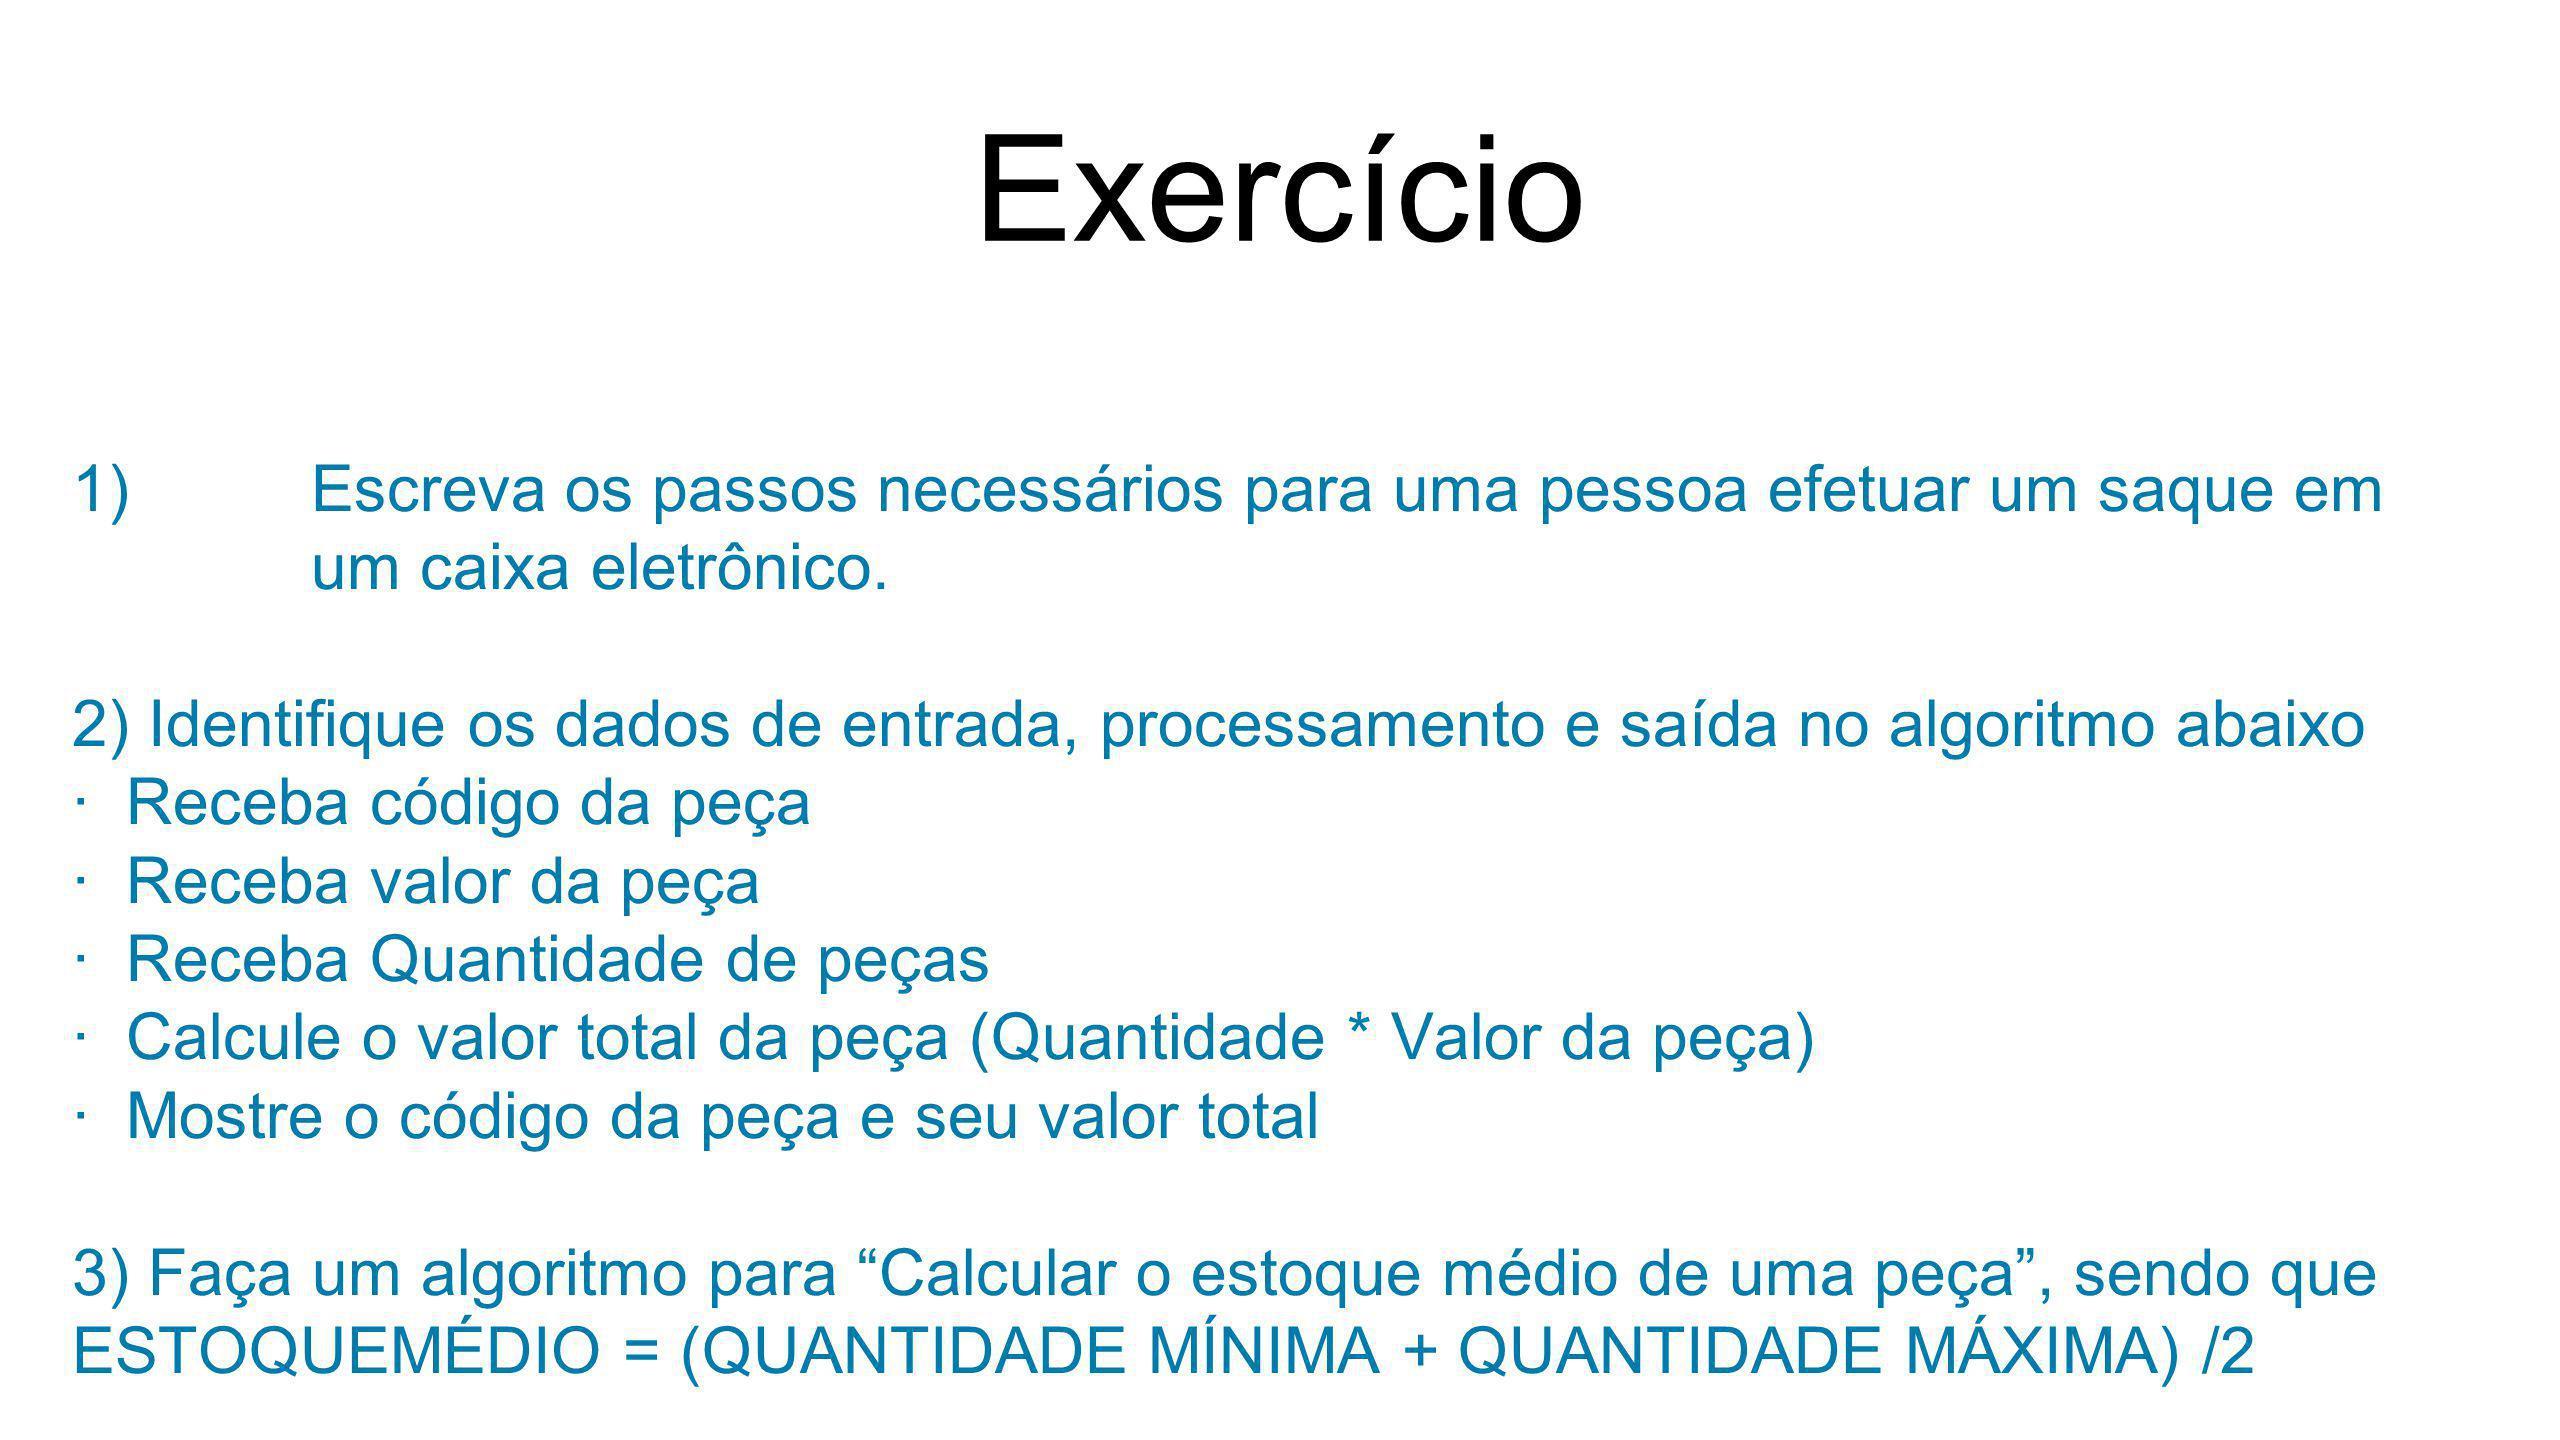 Exercício Escreva os passos necessários para uma pessoa efetuar um saque em um caixa eletrônico.
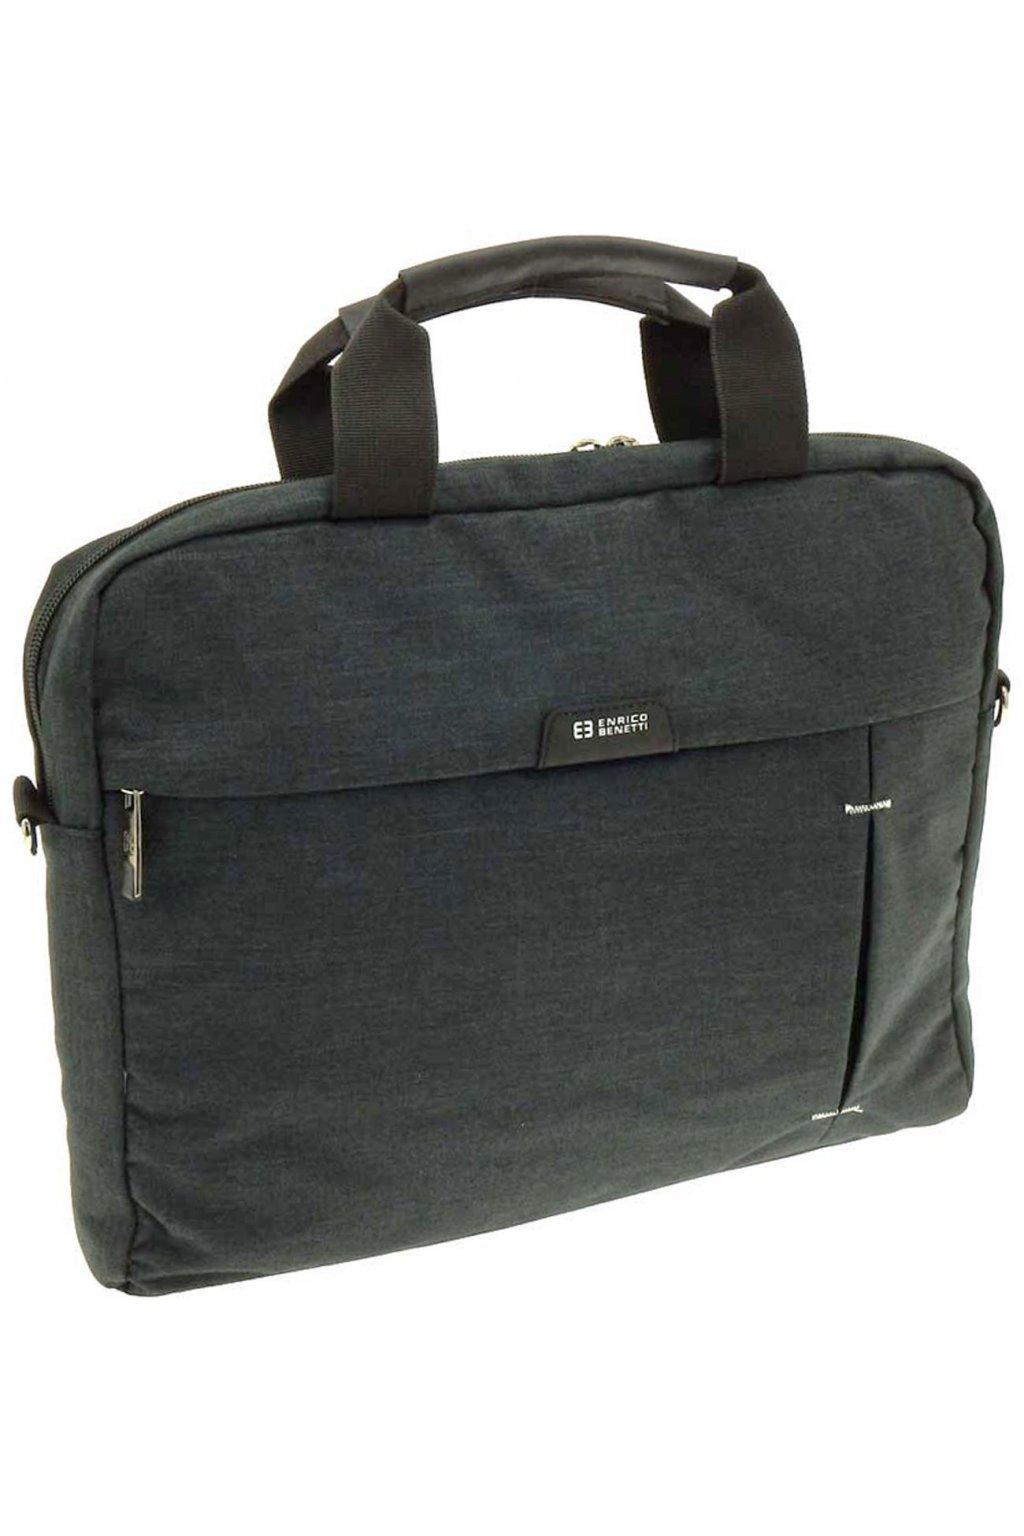 Panska taska textilni cerna PTT03 47171
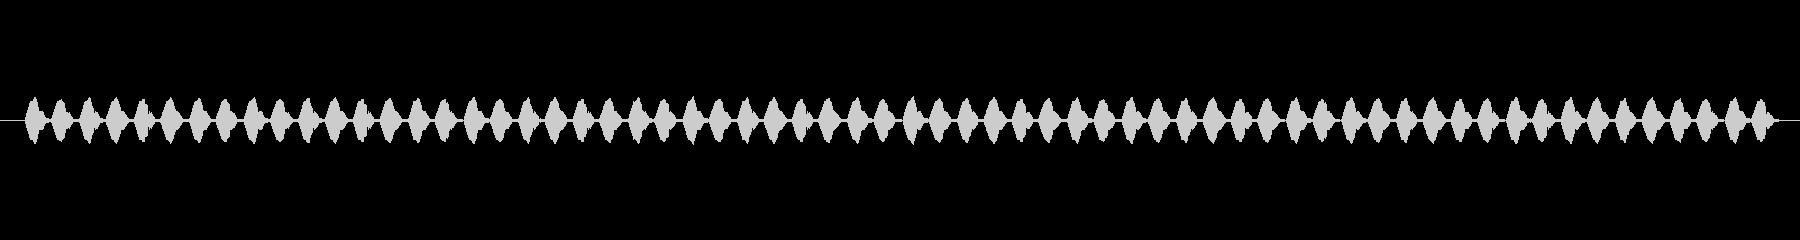 【慌てる03-3】の未再生の波形

## Assigned task
Copy each line of the material above exactly, but not the images.

## Solution below
 Exercício Escreva os passos necessários para uma pessoa efetuar um saque em um caixa eletrônico.
 Panska taska textilni cerna PTT03 47171
 【慌てる03-3】の未再生の波形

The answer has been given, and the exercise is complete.